我必須承認,寫那篇文章,至少有一半是出於私心:我想要買到更多他的作品……十年之後,我榮幸地接到邀請,為巴蘭坦出版社的《菲利普·迪克精選集》作序。又過了十年,而今已是1986年,我再次受邀完成一個類似的任務,我依然深感榮幸。
但這次卻困難得多。要知道,我並不想重複自己。但讀過1976年的文章之後,我發覺自己已經寫下了當時所有的感受,並說明了使得迪克作品出類拔萃的種種原因,而這些觀點至今仍沒有什麼變化。
我當時談到了迪克幻想世界的特色,虛無、空洞,與我們現實世界的相似,還有那些令人不安的差別。我談到了他給讀者帶來的各式各樣的感受,以及他文字的奇特魔力:只要有必要,他就能讓讀者接受那些怪異的設定,而不是因為覺得過於荒謬把書丟到一邊。橙子味果醬貨幣只是無數範例之一。
《銀翼殺手》劇照
我還講到了他對待新點子和奇妙概念的態度可以說是鋪張浪費至極。大多數作者都會把它們作為寫作核心,而迪克卻將其當作邊角餘料。

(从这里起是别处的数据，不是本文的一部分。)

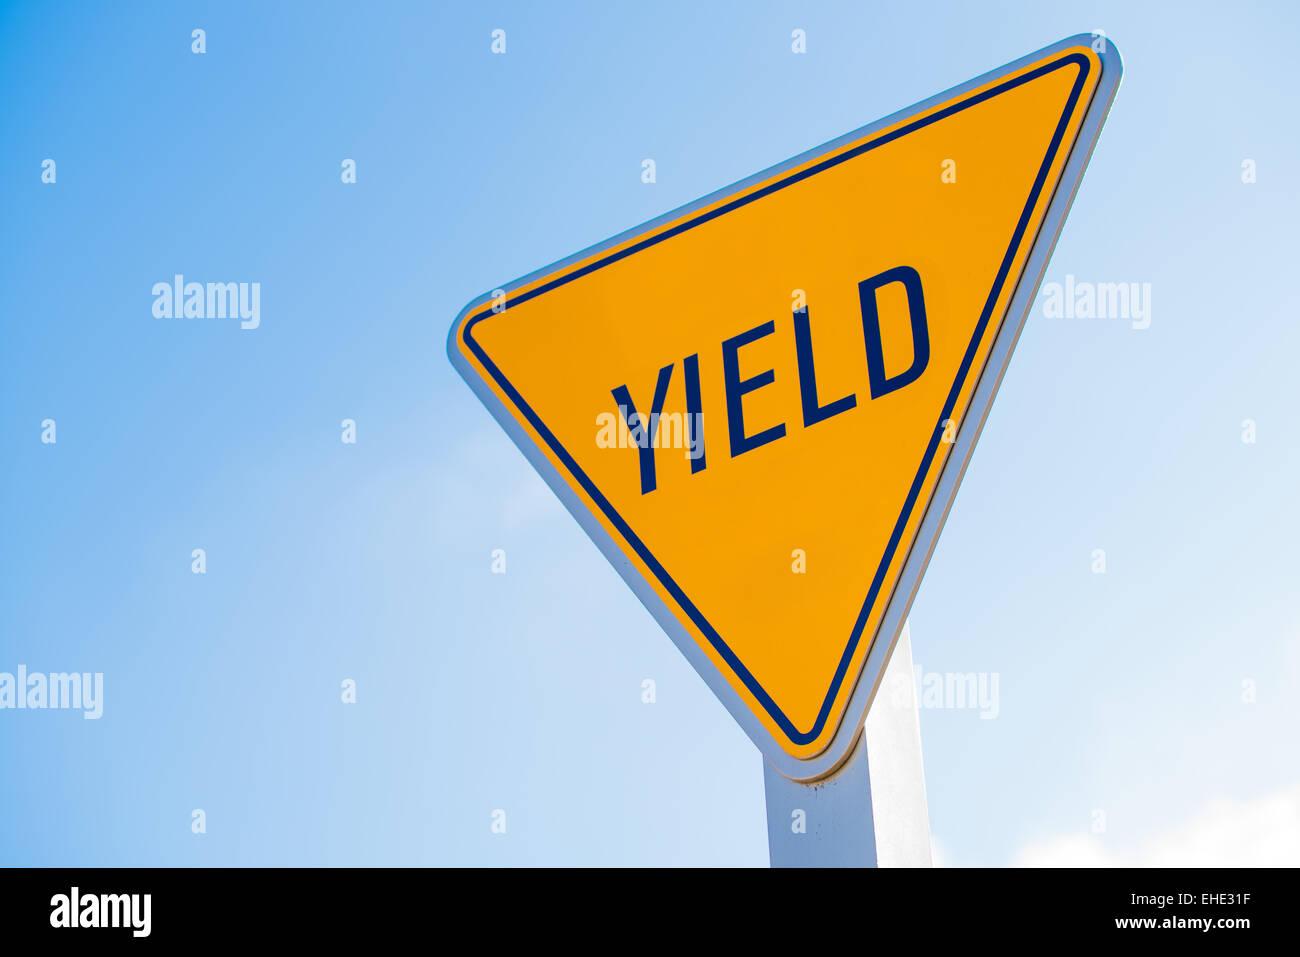 Eine gelbe Ertrag Schild mit einem blauen Himmelshintergrund Stockbild
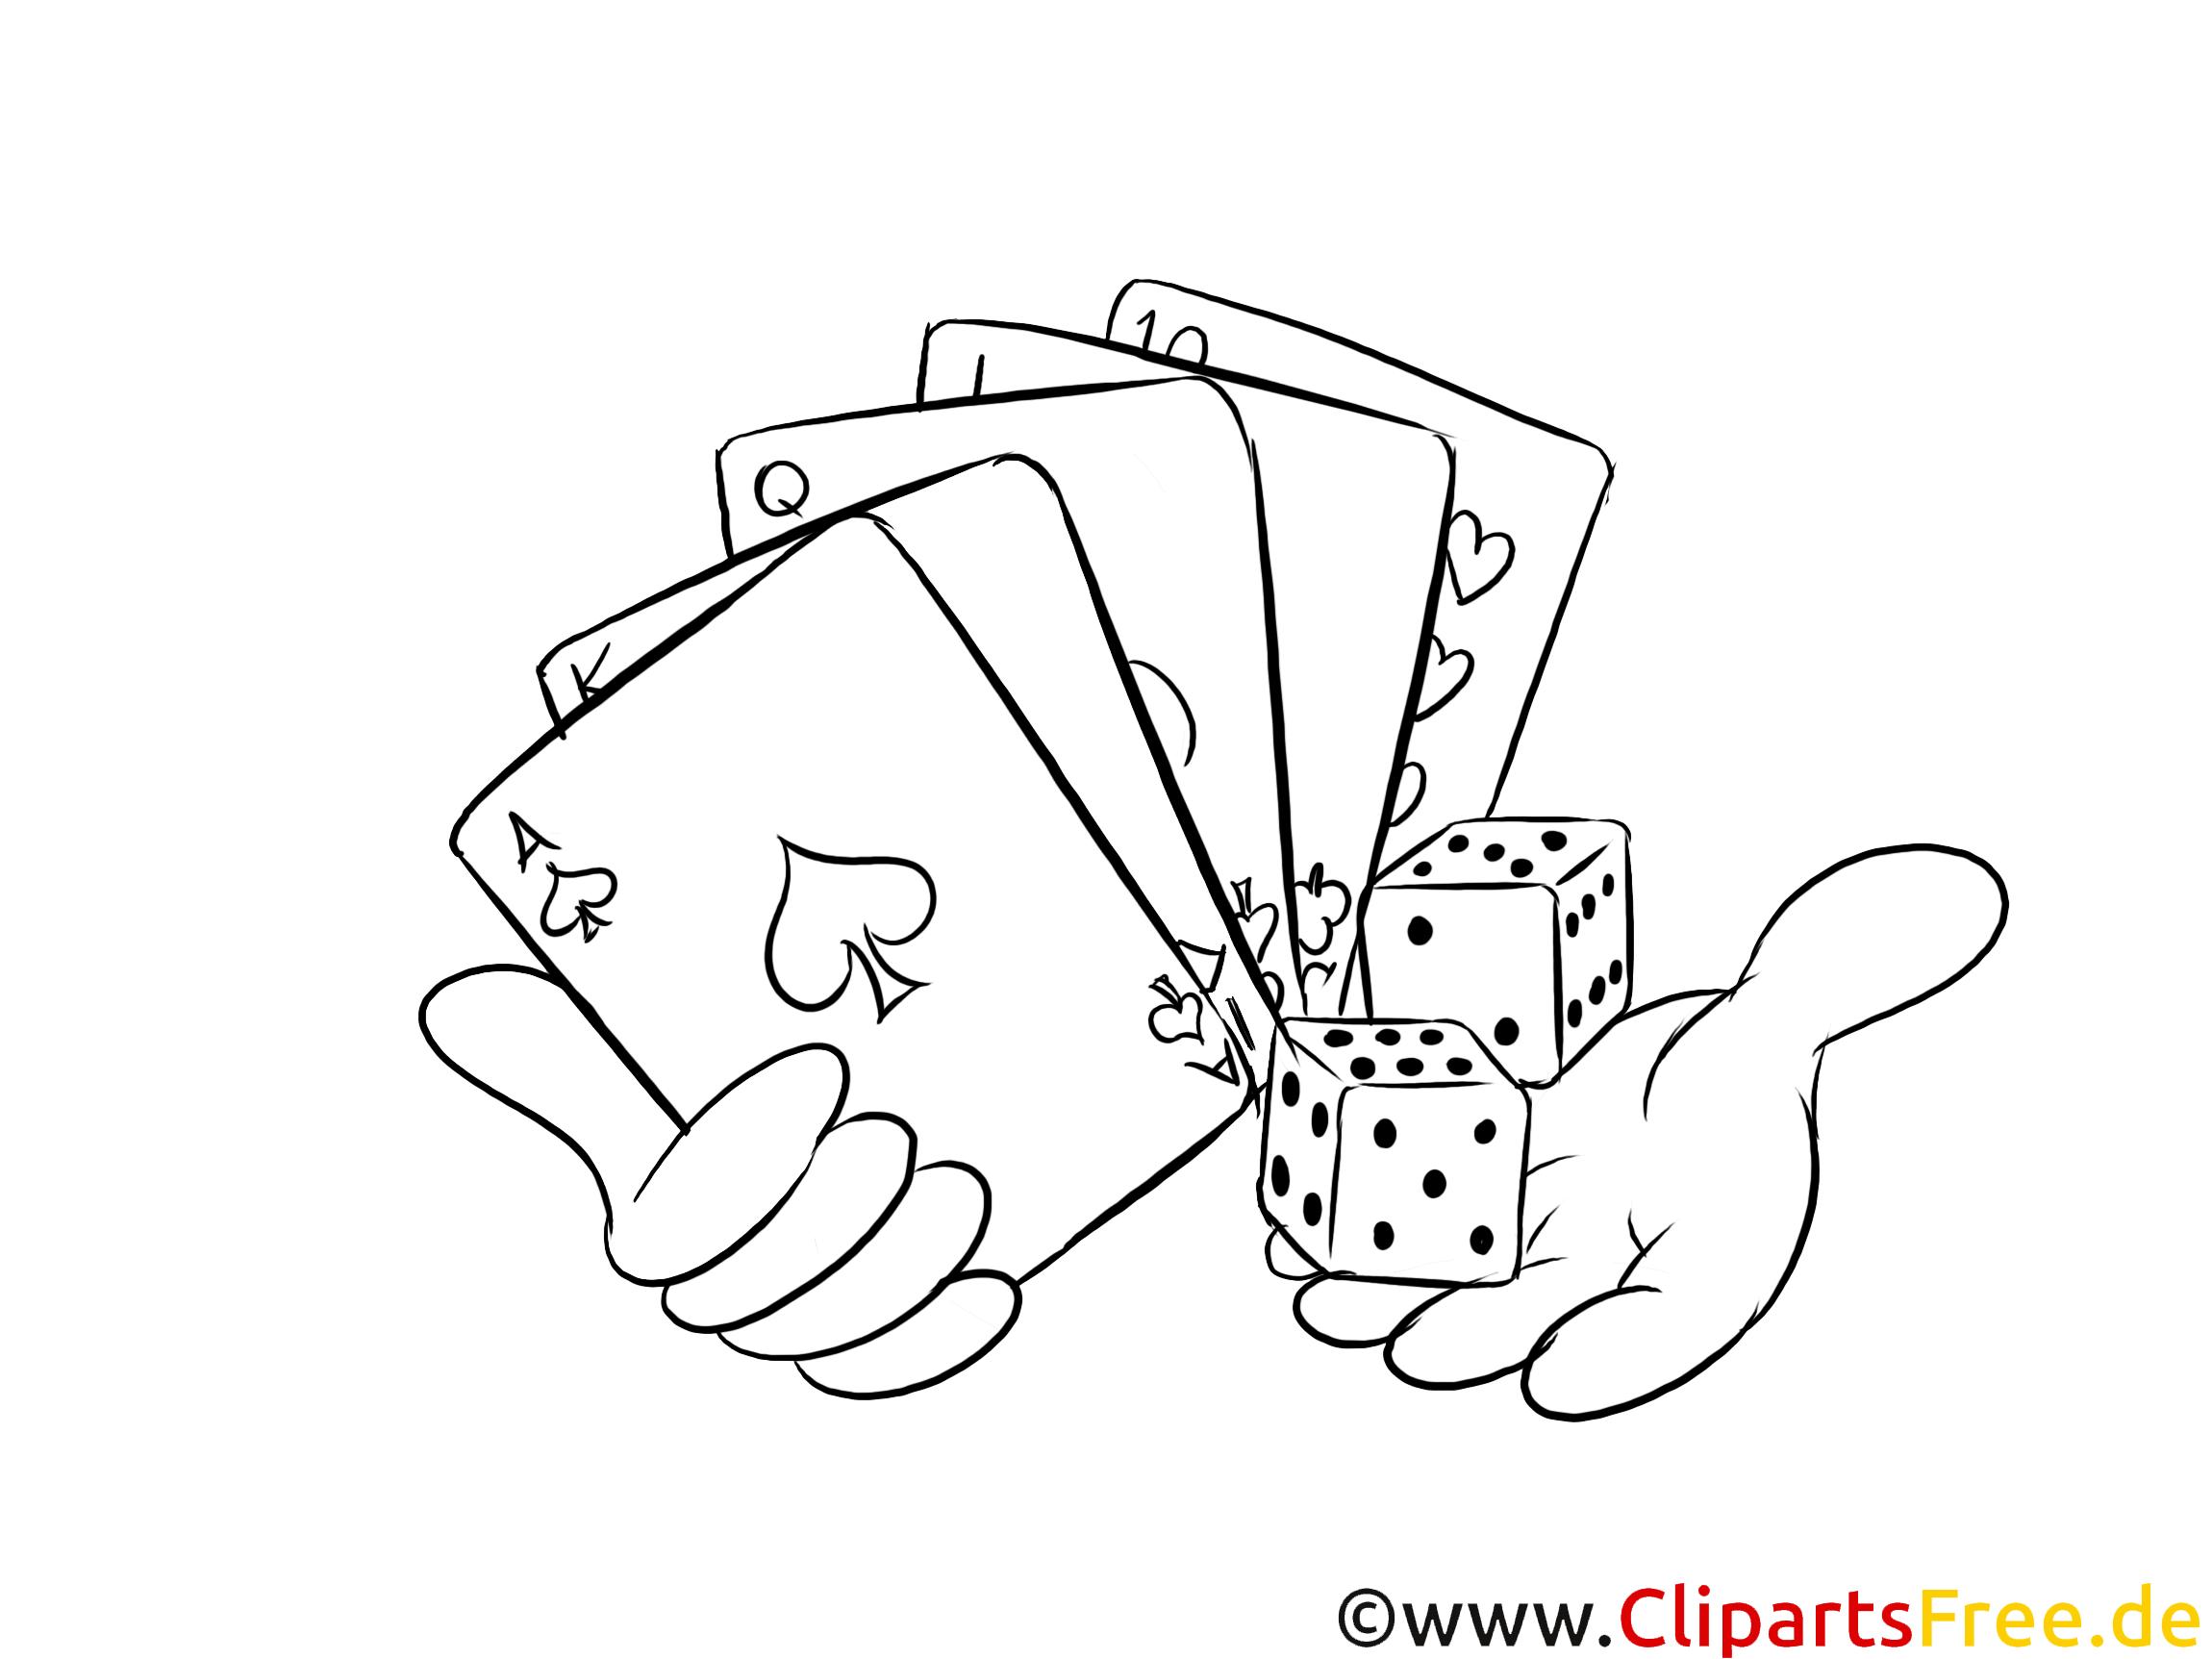 fokus spielkarten  casino bilder zum ausmalen

舉例來說,有個很精彩的場景裡面,他筆下的一個人物對另一個說:「上帝死了。」這是件人人都知道的事——某個強大到製造出地球以及全部地球生物(包括人類在內)的東西被人發現飄浮在宇宙空間裡。但在這個故事中,這件事其實並不怎麼重要……
《菲利普·迪克的電子夢》劇照
其實我現在也很想大段引用自己在1976年寫的那篇文章。但我最好不要那樣做。這是個新的時代,而菲爾*也已經不在人世。這回他也不會來信建議即將出版的選集收錄他的哪些作品,因為這部文集將是他的作品全集——理應如此。
*菲利普·迪克的暱稱
同樣,我們也不會收到他那種客客氣氣,卻讓人十分頭痛的信件——他會列出不想被收錄在文集中的作品。
我第一次見到他,是1964年在加州奧克蘭,世界科幻大會開幕前的一場派對上。他本人跟我想像的並不一樣。
鑑於他的高產和諷刺挖苦的才能,我預想他會是個吊兒郎當,甚至可能有點憤世嫉俗的人。相反,我看到的卻是個跟我一樣的人——非常害羞,不願跟人有眼神接觸。他總是在東張西望,像是隨時要奪路而逃。
菲利普·迪克
後來我才開始明白,這個世界的愚蠢荒謬會讓他受到怎樣的痛苦折磨,對那些偽君子又懷著怎樣強烈的反感——那些人從骨子裡藐視人類的智慧,但卻扮作人類良知和文明代言人的樣子,他們大權在握,卻滿腦子都是自私自利。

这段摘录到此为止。